— WORK TASK —
Leave the pictures out. Retype exactly the lines below from the one containing "The 14th (Original Mix)" through the one containing "amd-bristol-ridge-apu-family_overview", and no others.

— EXTRACTED DATA —
========================================================================

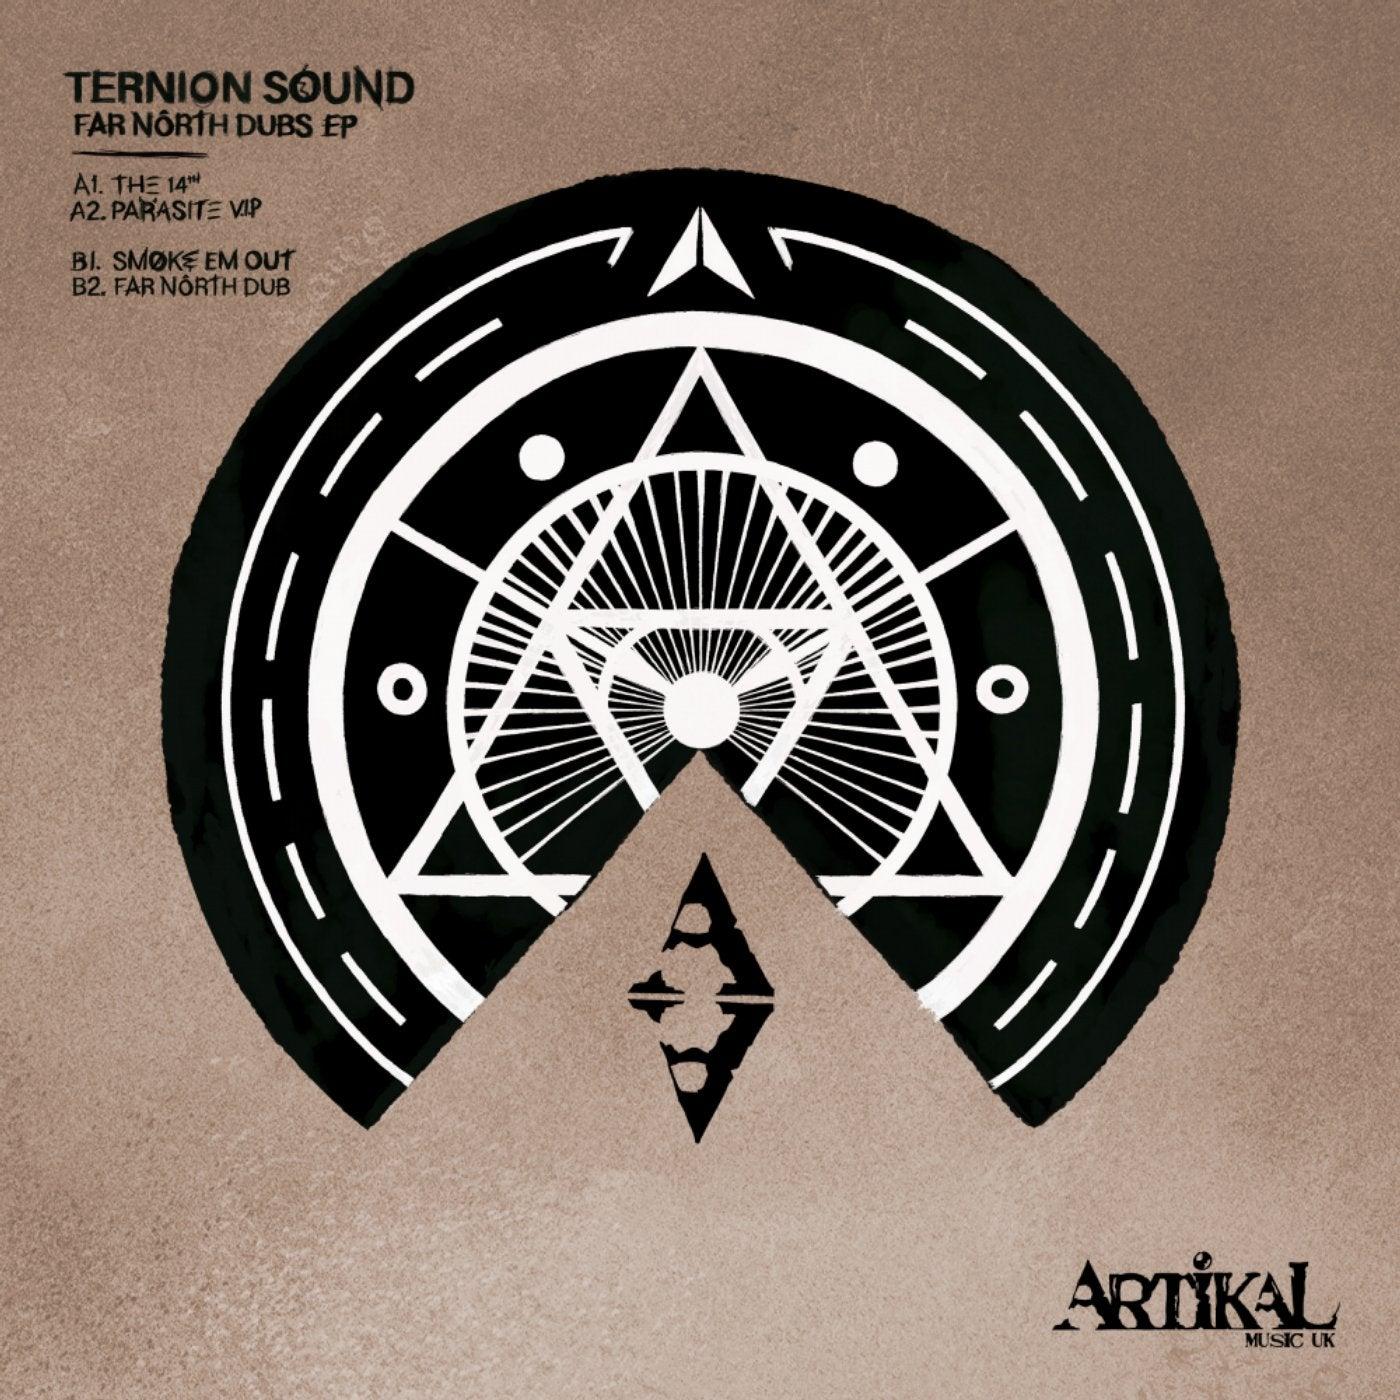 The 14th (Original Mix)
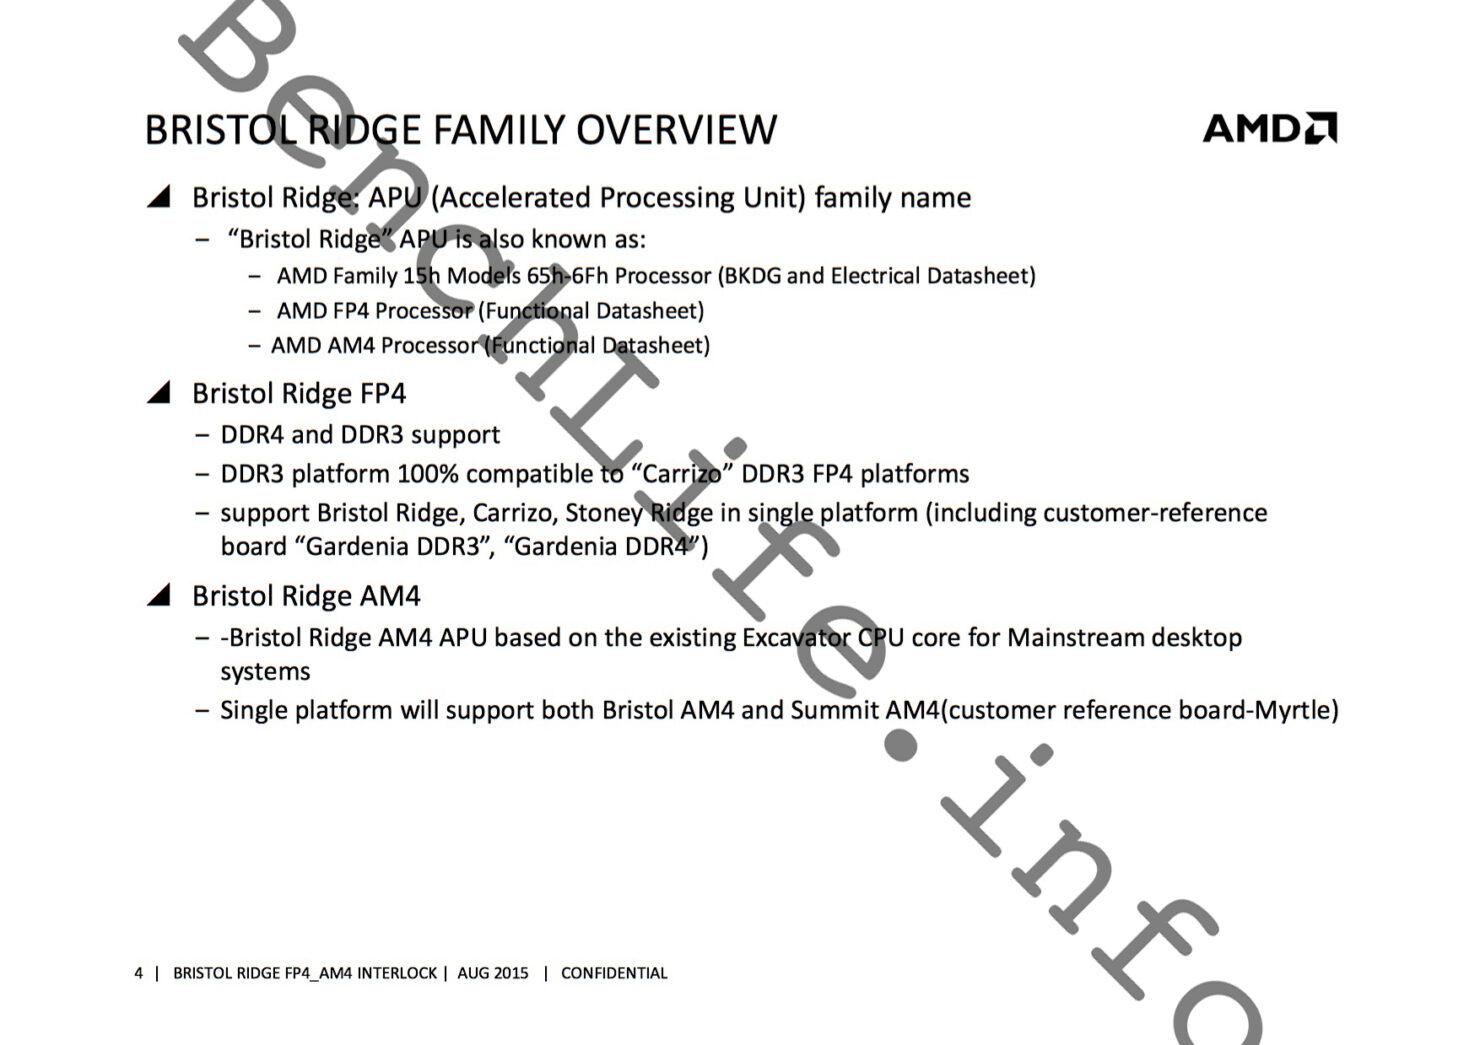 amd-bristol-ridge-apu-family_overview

========================================================================

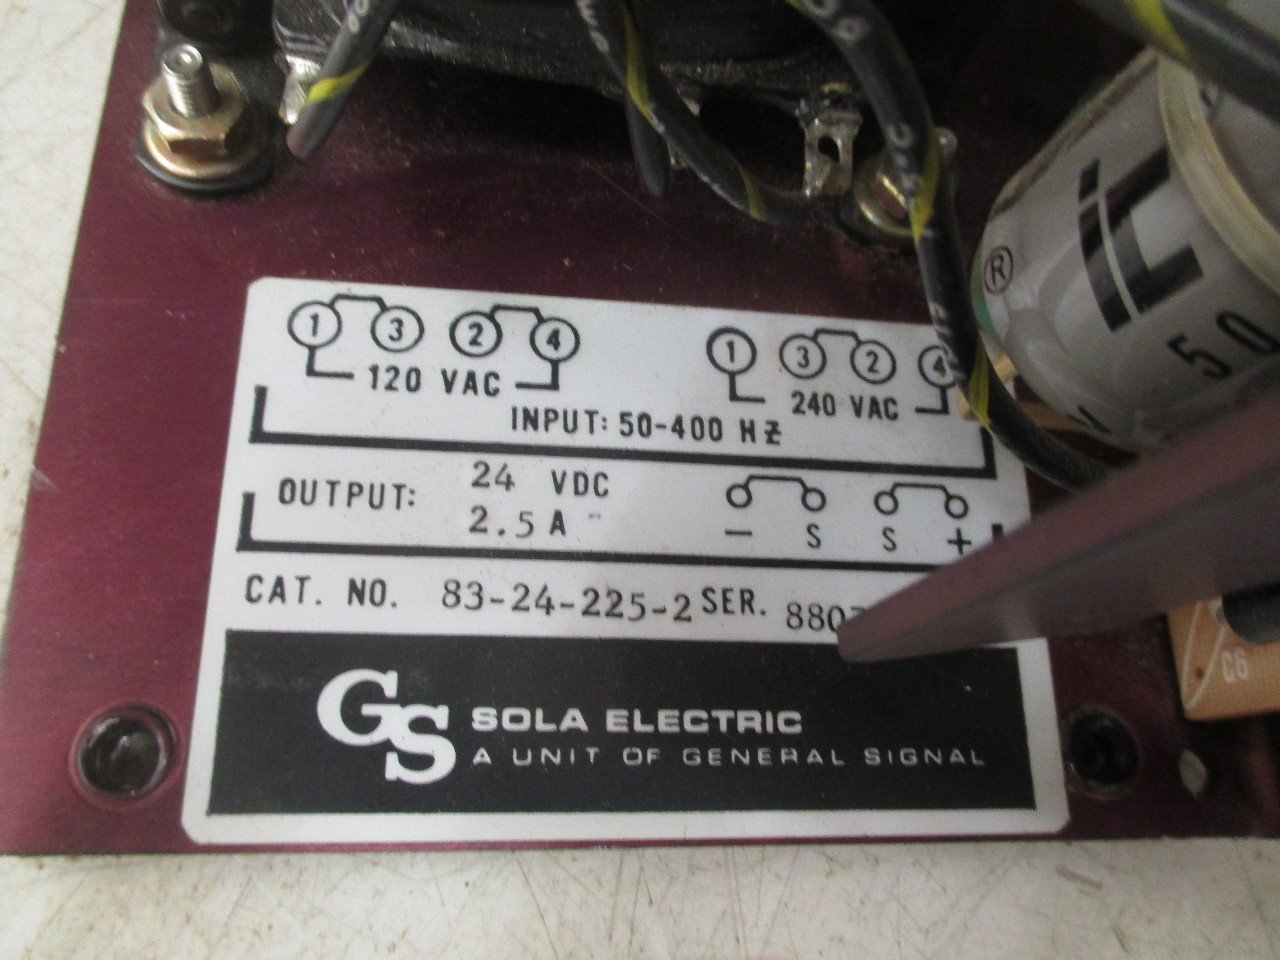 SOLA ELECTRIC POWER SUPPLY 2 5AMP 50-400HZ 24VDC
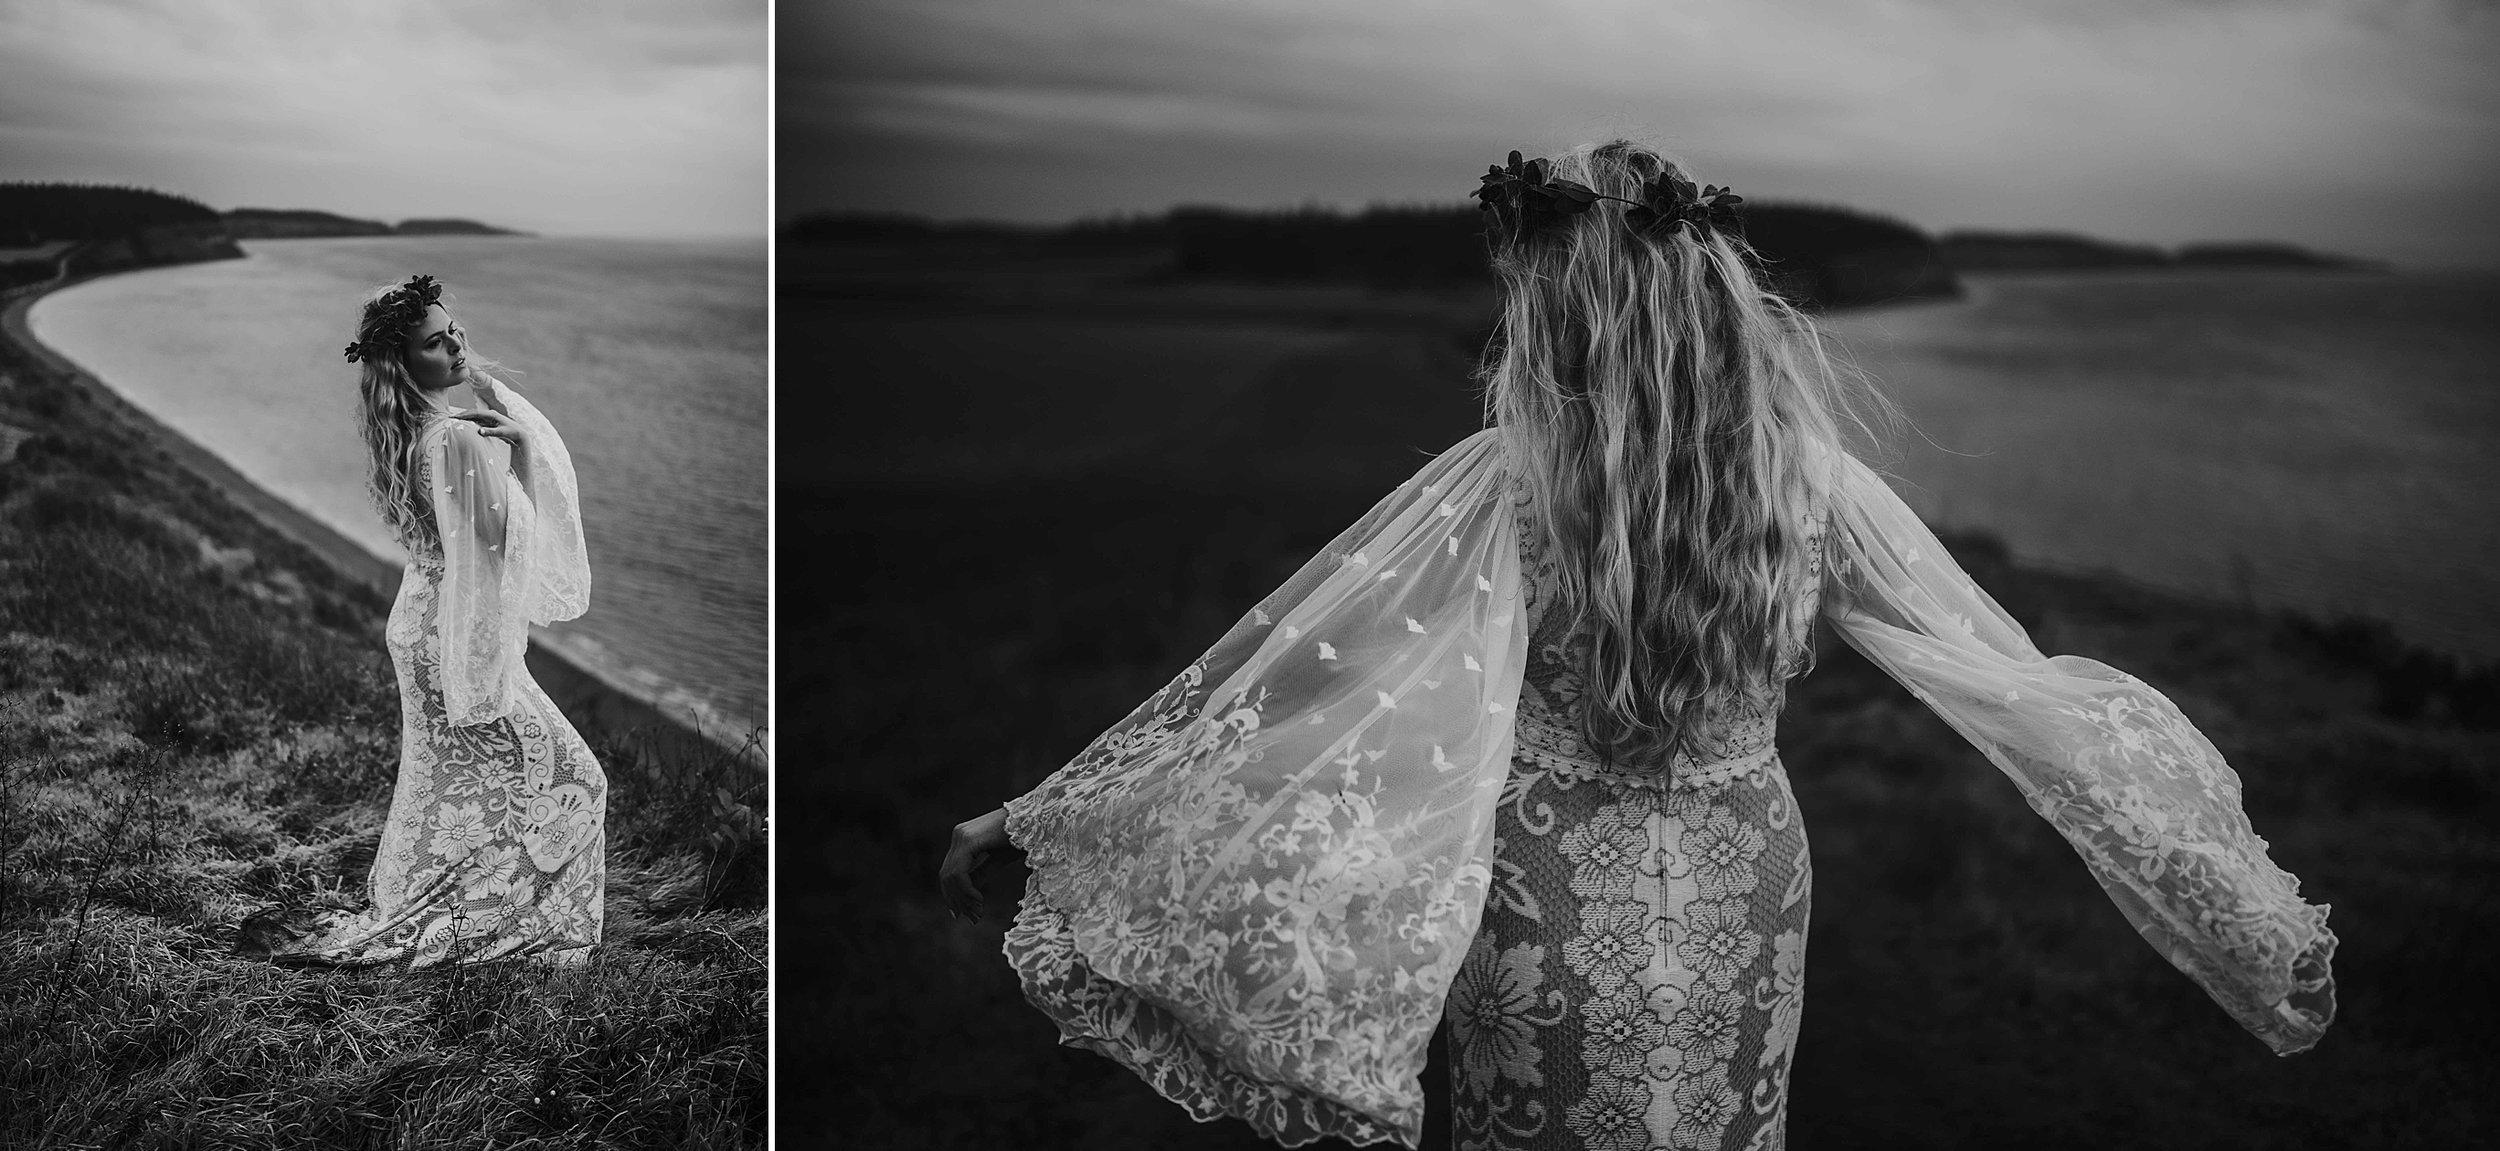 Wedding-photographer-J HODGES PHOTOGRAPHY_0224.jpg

========================================================================

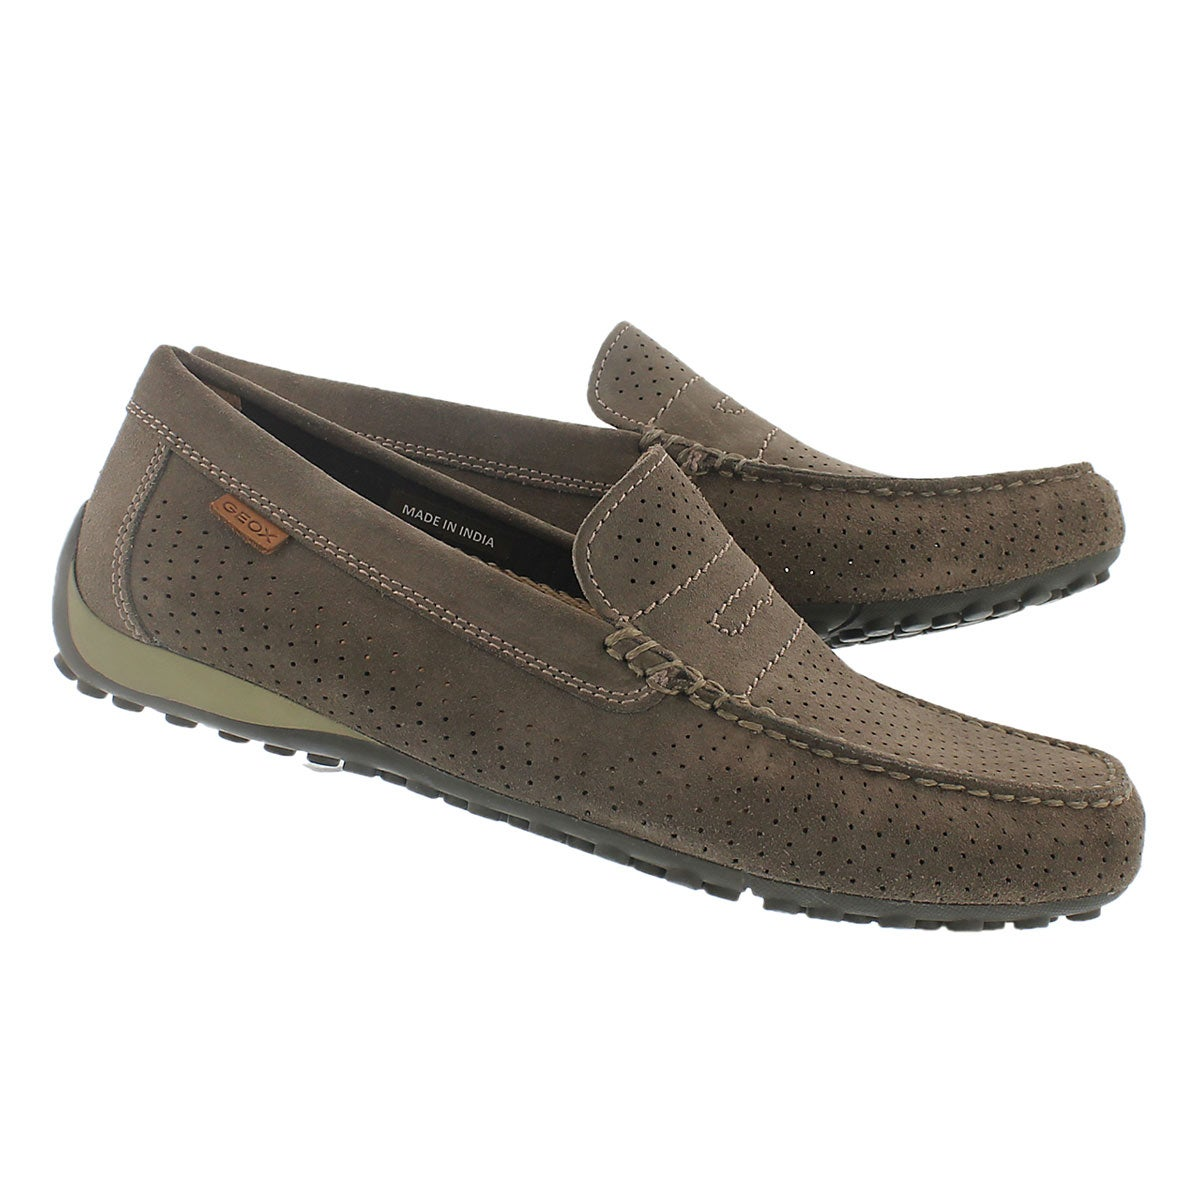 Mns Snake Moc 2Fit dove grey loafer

========================================================================

— THE ANSWER —
 The 14th (Original Mix)
 amd-bristol-ridge-apu-family_overview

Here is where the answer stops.